**RECORDED INFORMATION**
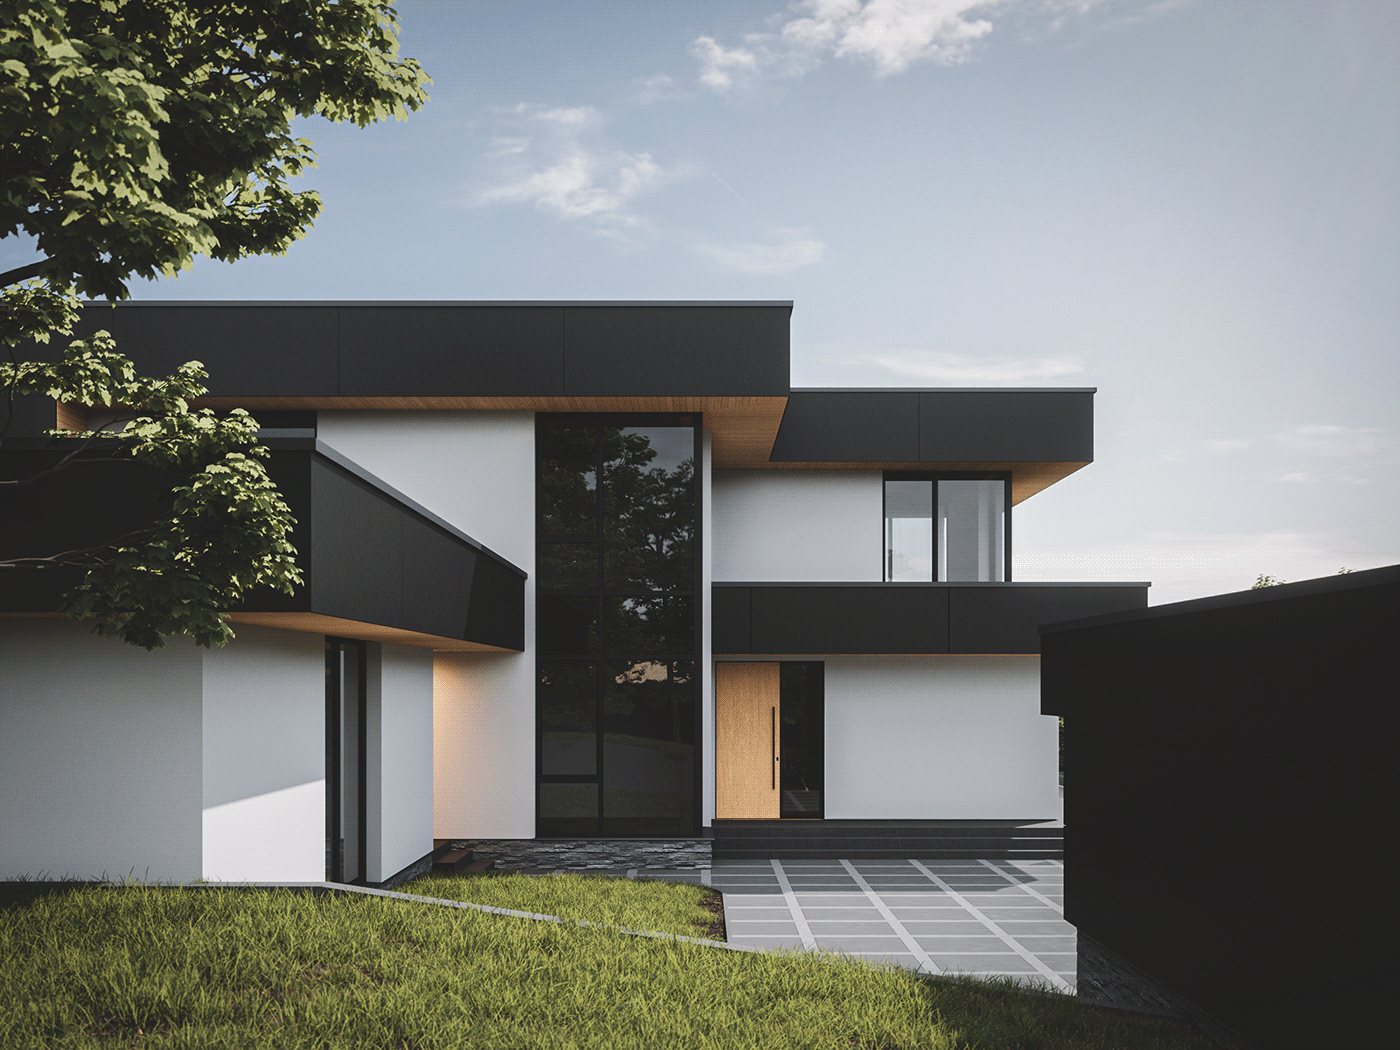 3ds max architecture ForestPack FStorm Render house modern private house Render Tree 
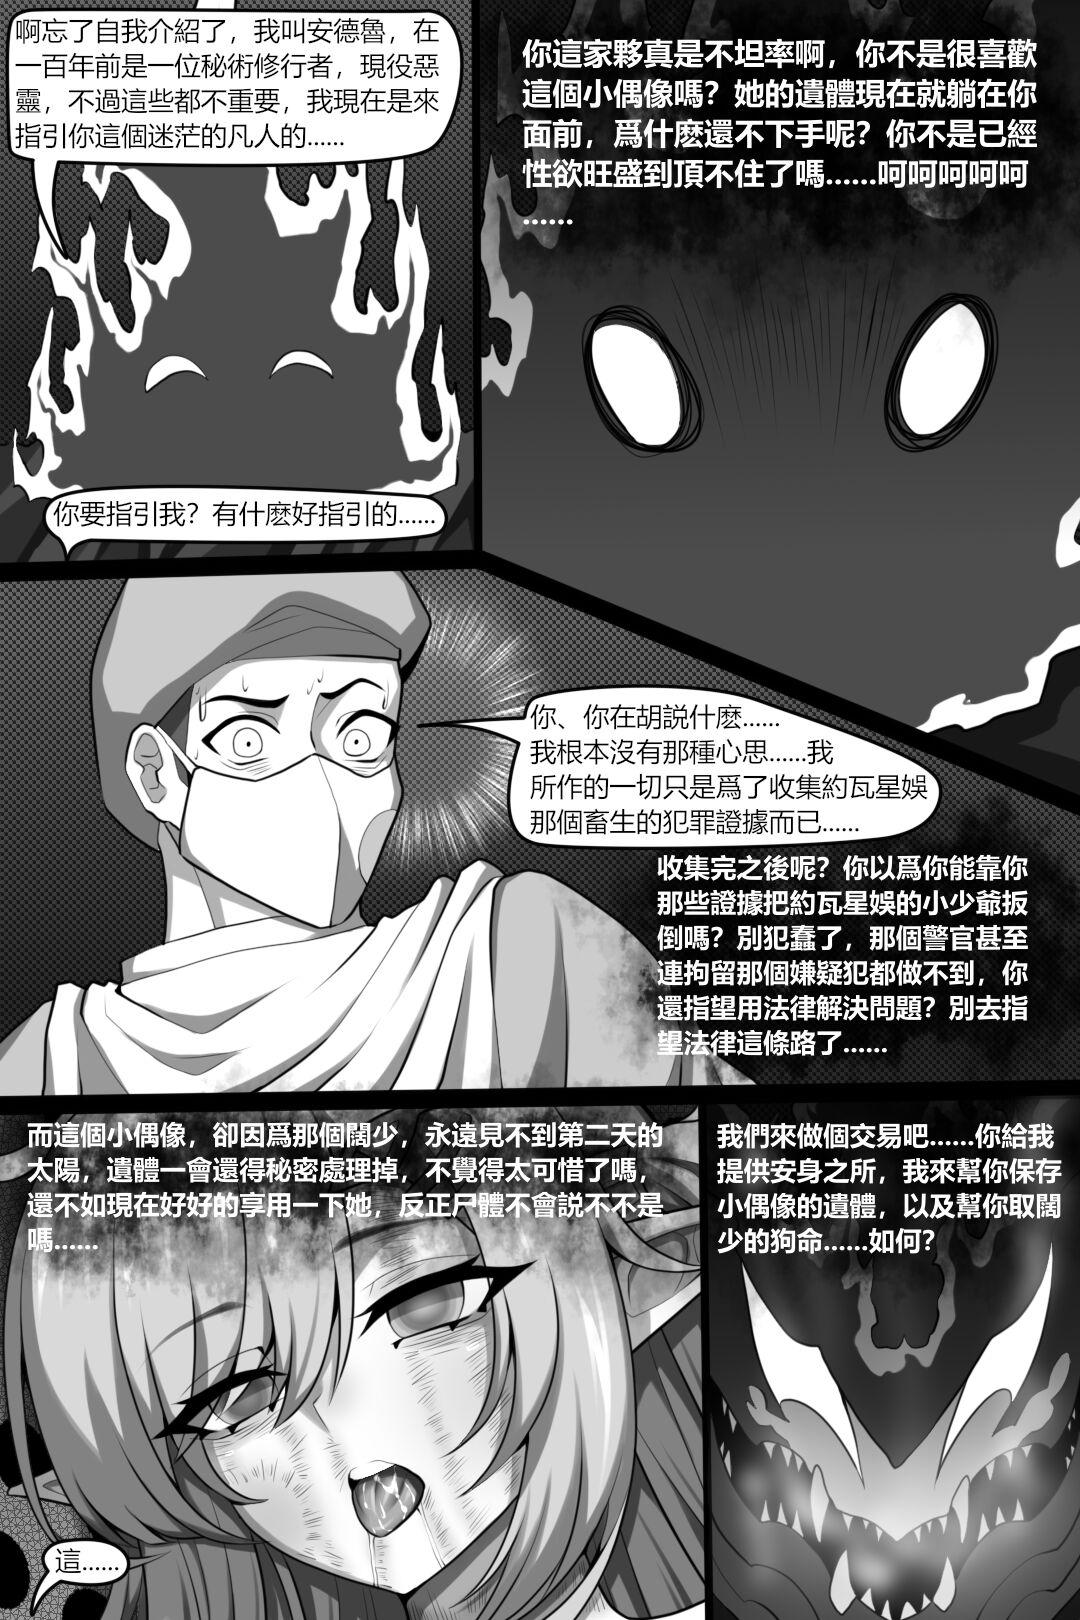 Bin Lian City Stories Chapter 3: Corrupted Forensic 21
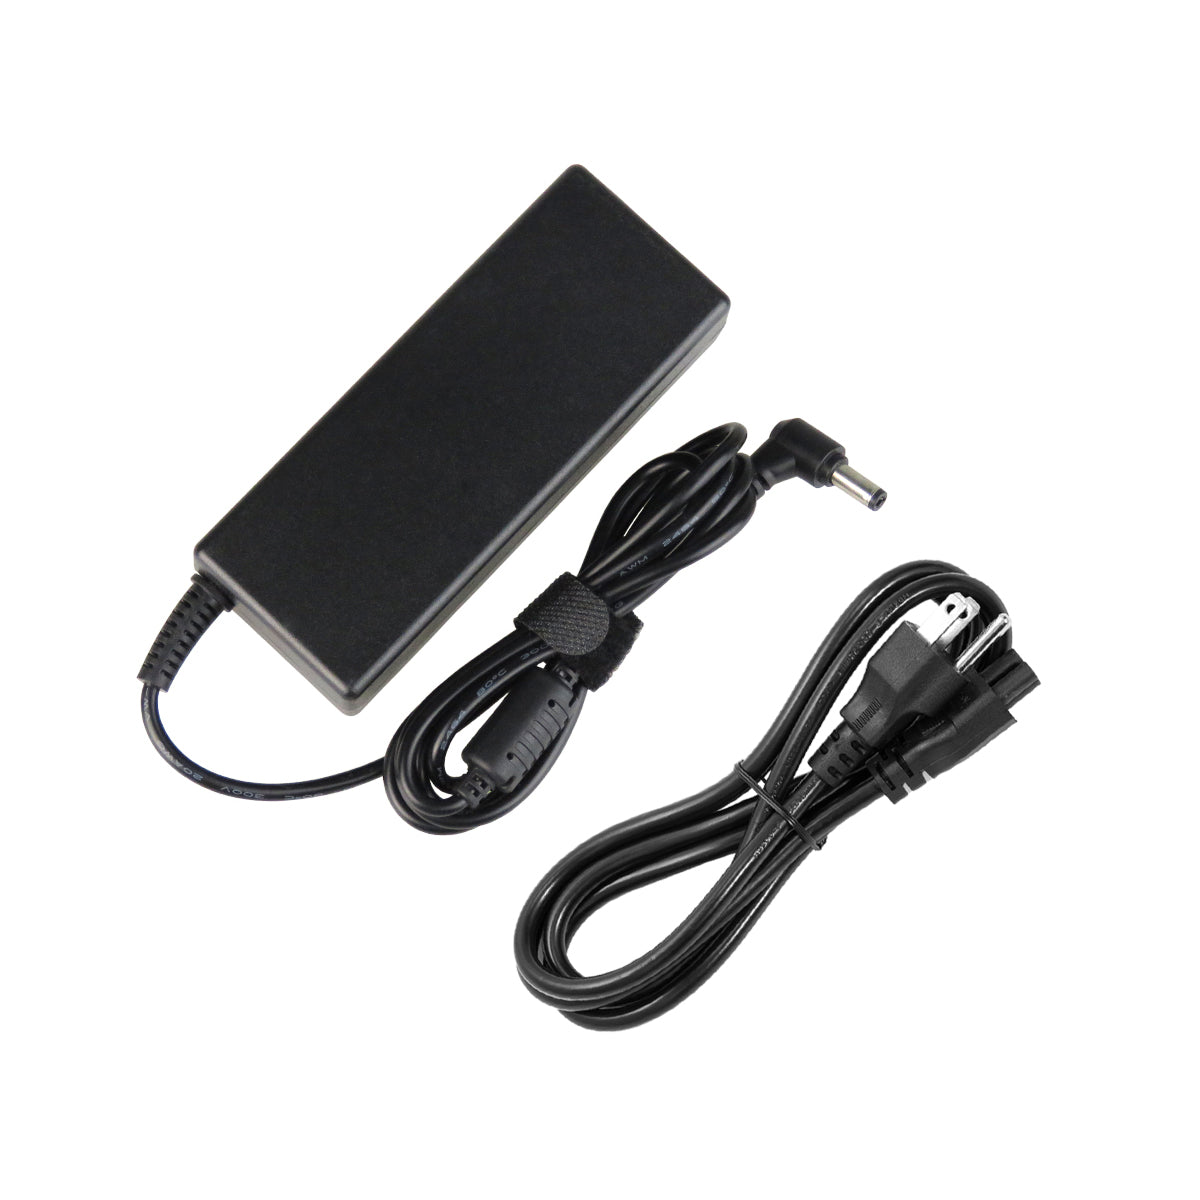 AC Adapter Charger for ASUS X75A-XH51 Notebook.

**EXERCISE DIRECTIONS**
Return, exactly as they stand, all of the lines above, but not the pictures.

**ANSWER TO THIS EXERCISE**
 3ds max architecture ForestPack FStorm Render house modern private house Render Tree 
 Bin Lian City Stories Chapter 3: Corrupted Forensic 21
 AC Adapter Charger for ASUS X75A-XH51 Notebook.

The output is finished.